Two different things. Star Trek is supposed to be set in our future, not some alternate history/reality. That's what it is. So ignore or just don't mention the stuff that contradicts actual events. Replacing or ignoring those events is not replacing the show. Its moving the show forward by adapting it to the times. As a science fiction show, Star Trek is allowed to have warp drive, hybrids and transporters.
What it is to be human is changing, and ever more quickly, even as we speak. Meaning computer-brain interface and brain to brain connection. So in a few years not to have that in a fictional future might seem really weird, like when we read a scifi book written in the 1890s and nobody has cars in the futuristic 1980s. Borg as something terrible might be really laughable to the augmented people watching TNG 10 or 30 years from now. But we still read Verne and Welles and even Bradbury (who has guys smoking on one of his Mars missions, iirc - how stone age!) to gain insight into their conceptions of the future and - more importantly - their conceptions of the human adventure. Which is, after all, only beginning.

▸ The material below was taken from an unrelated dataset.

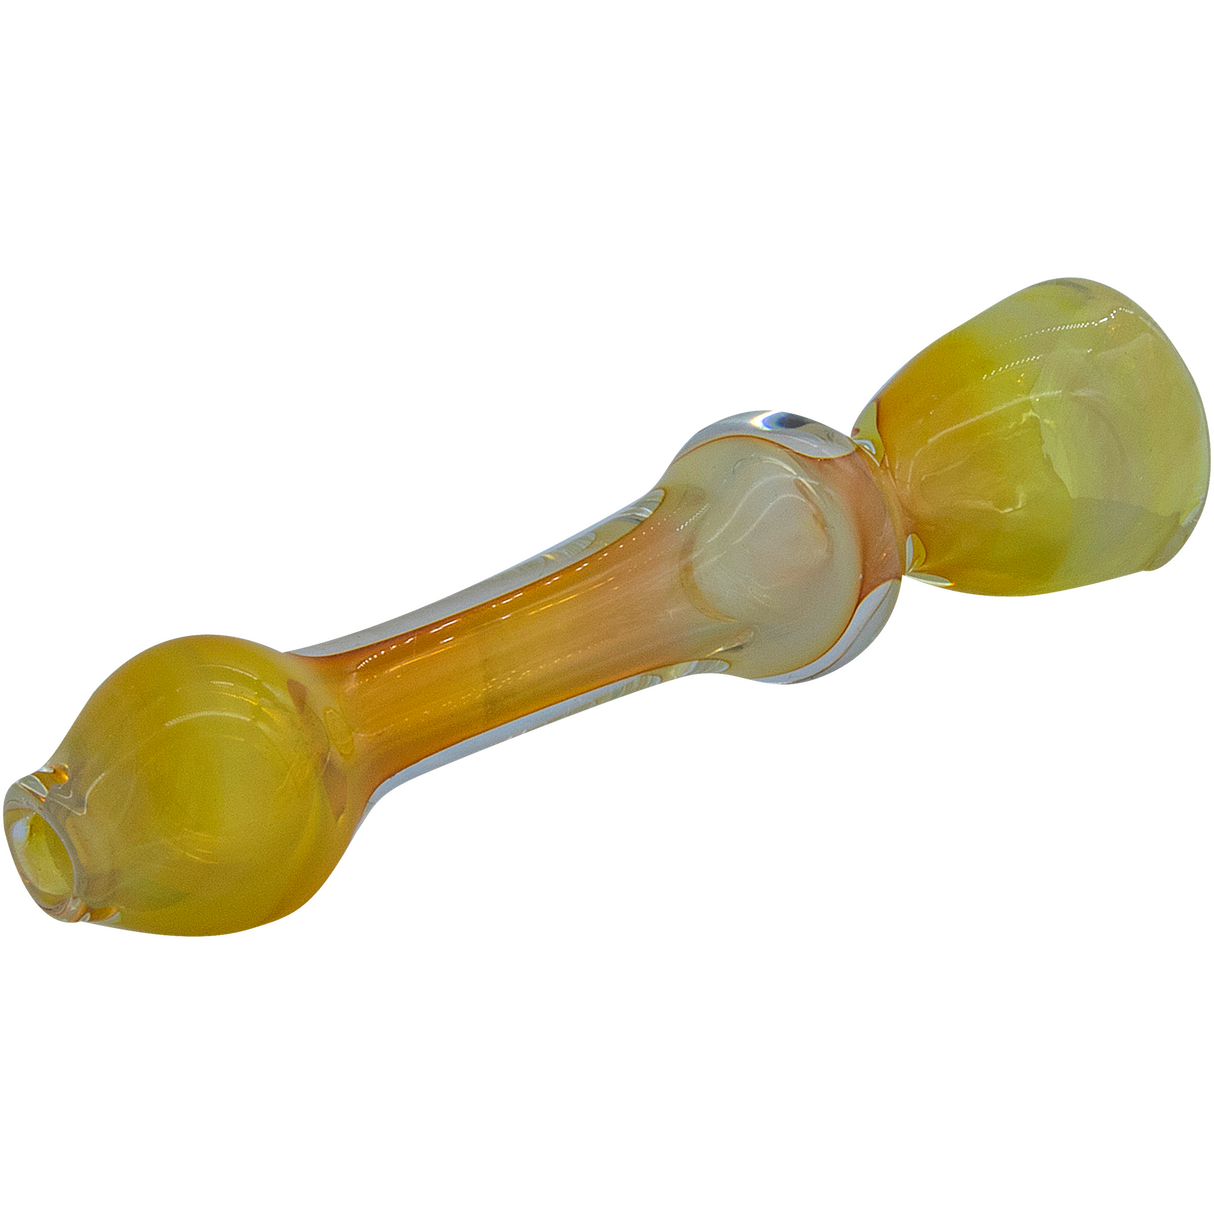 LA Pipes "Chill Fumes" Silver Fumed Chillum for Dry Herbs, 3.5" Borosilicate Glass, USA Made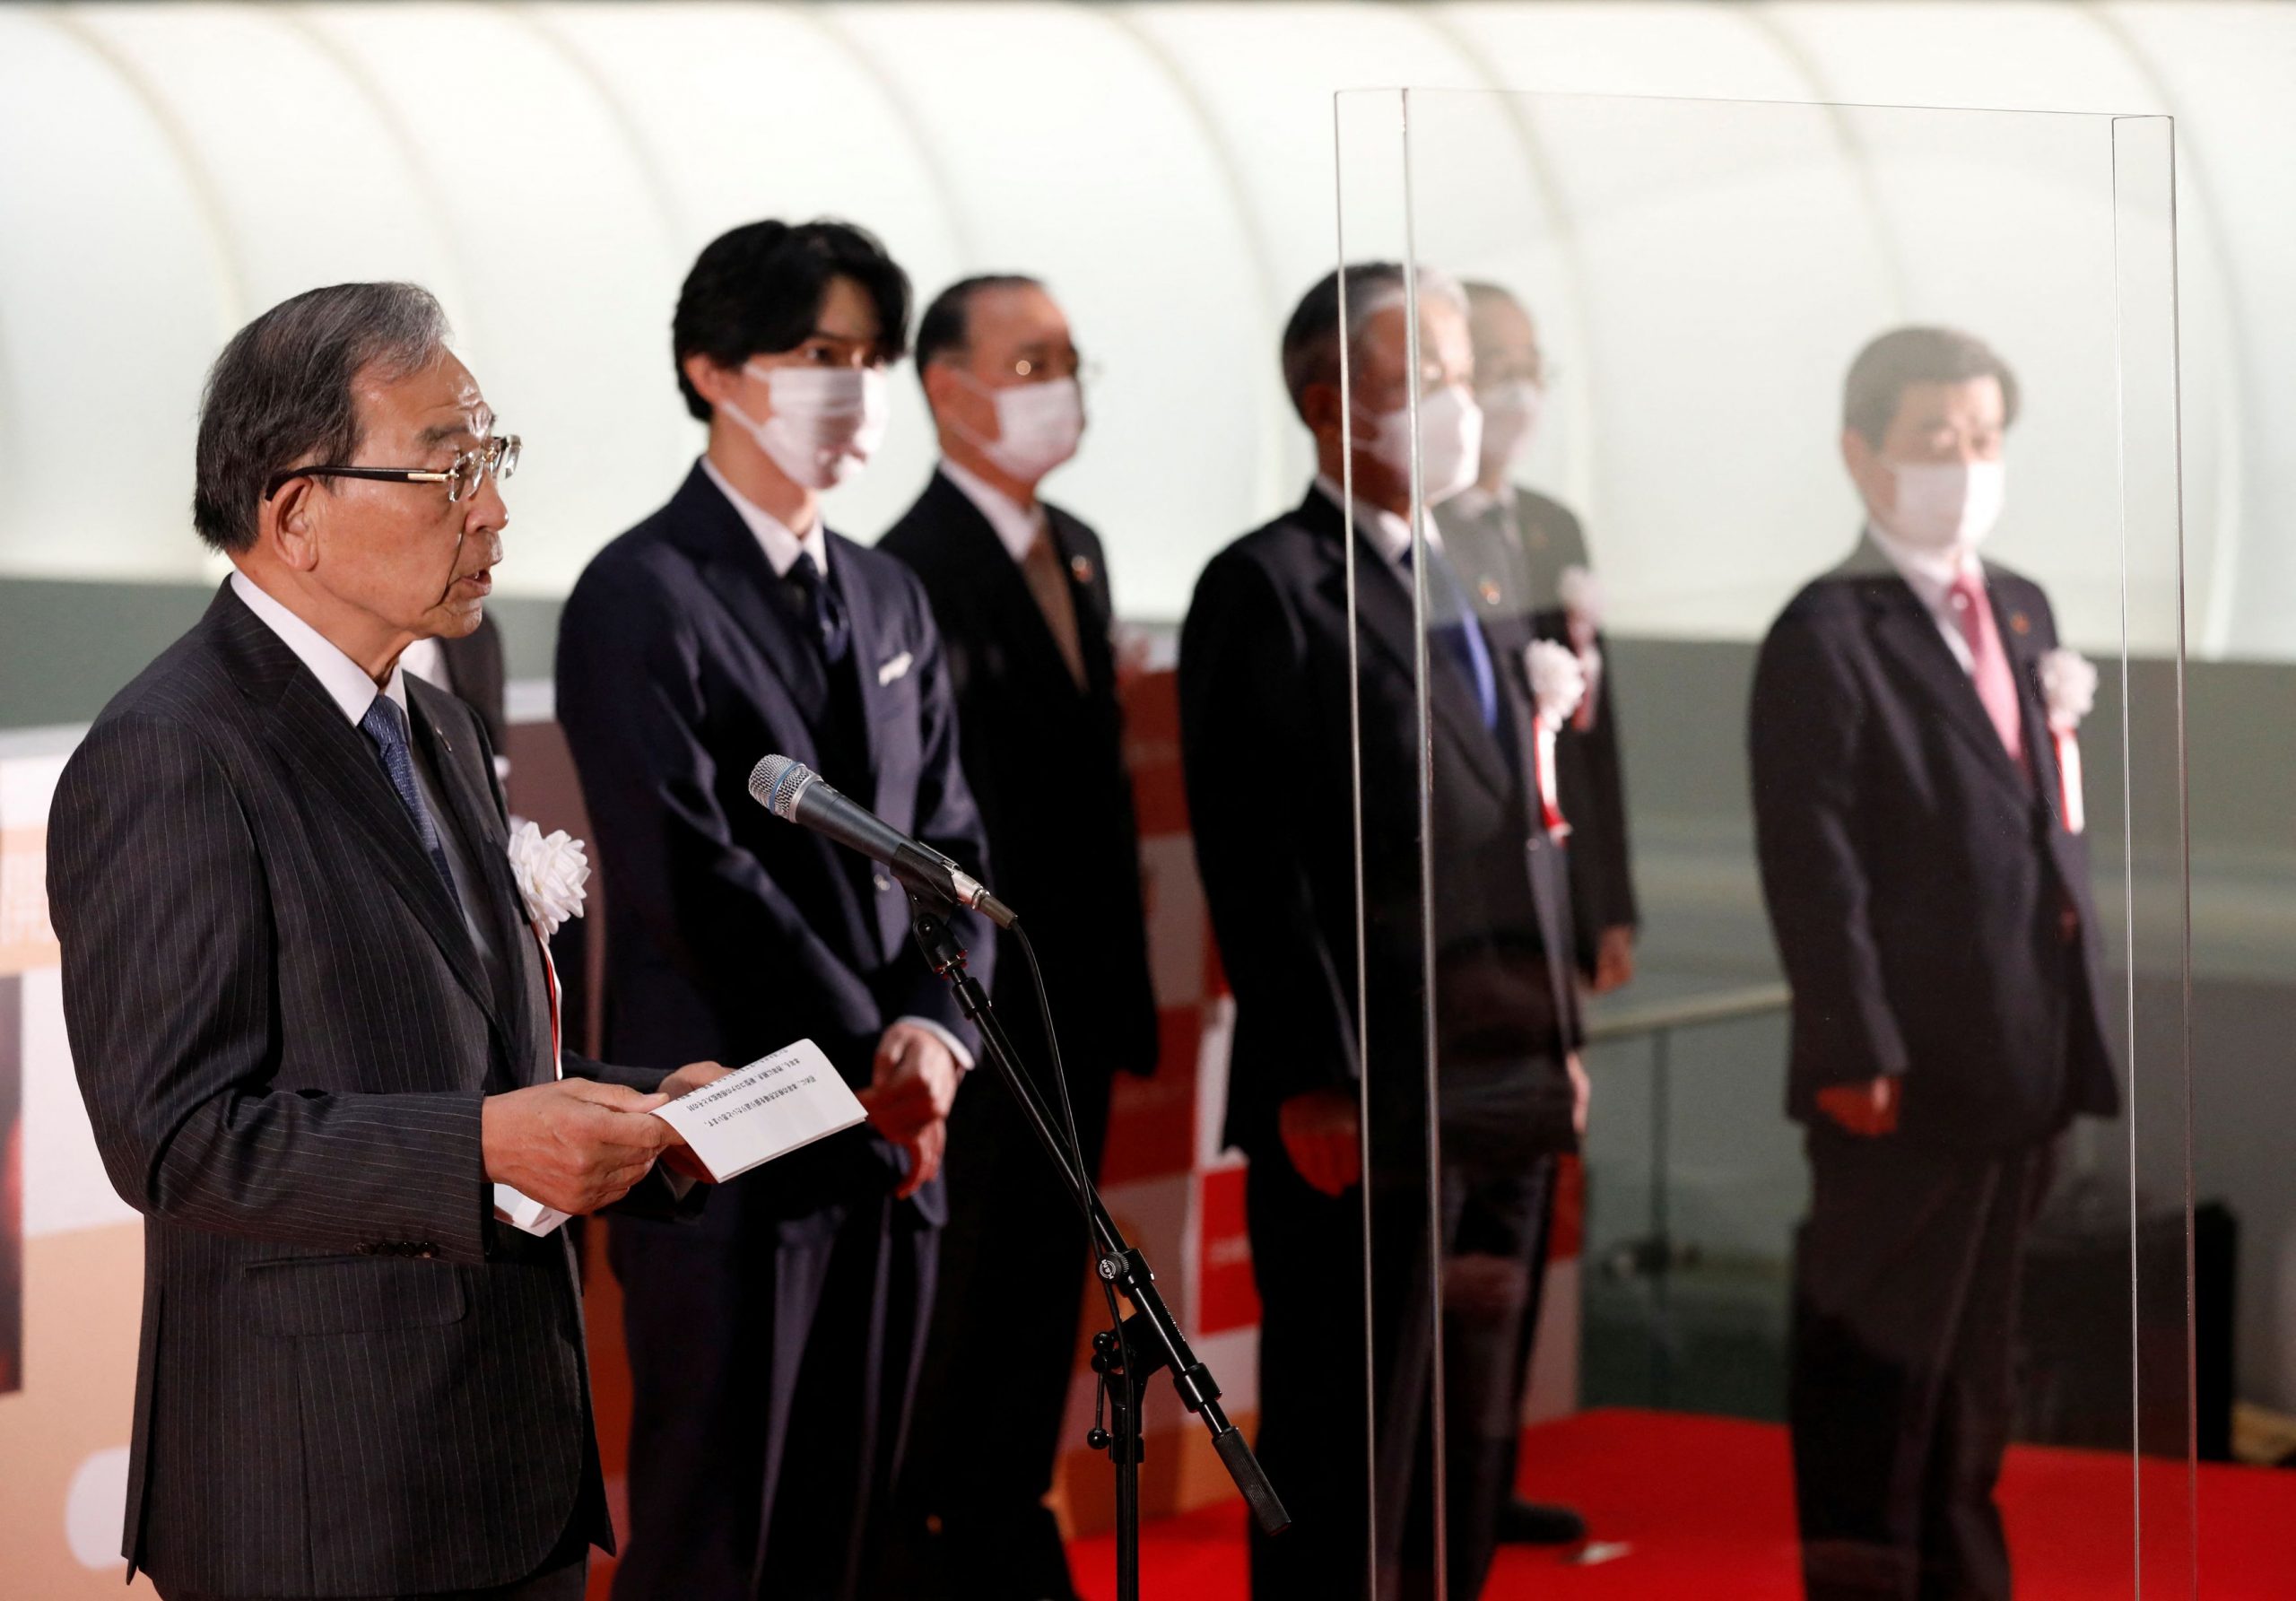 Ceremony marking the end of trading in 2021 at the Tokyo Stock Exchange (TSE) in Tokyo

This is going to be difficult to understand, but I'll take a stab at it. As I get older, I find that I feel more in touch with people that lived in other times. EX: When you're a kid and read about Mutiny on the Bounty or WW2...those people may as well be aliens. But when you're older, you think "Mutiny on the Bounty was just FOUR of my lifetimes ago. Those people wern't aliens. They had the exact same fears and desire for life that we all do." So when people talk about 'singularities' and how unrecognizable the future soon will be....I'm skeptical.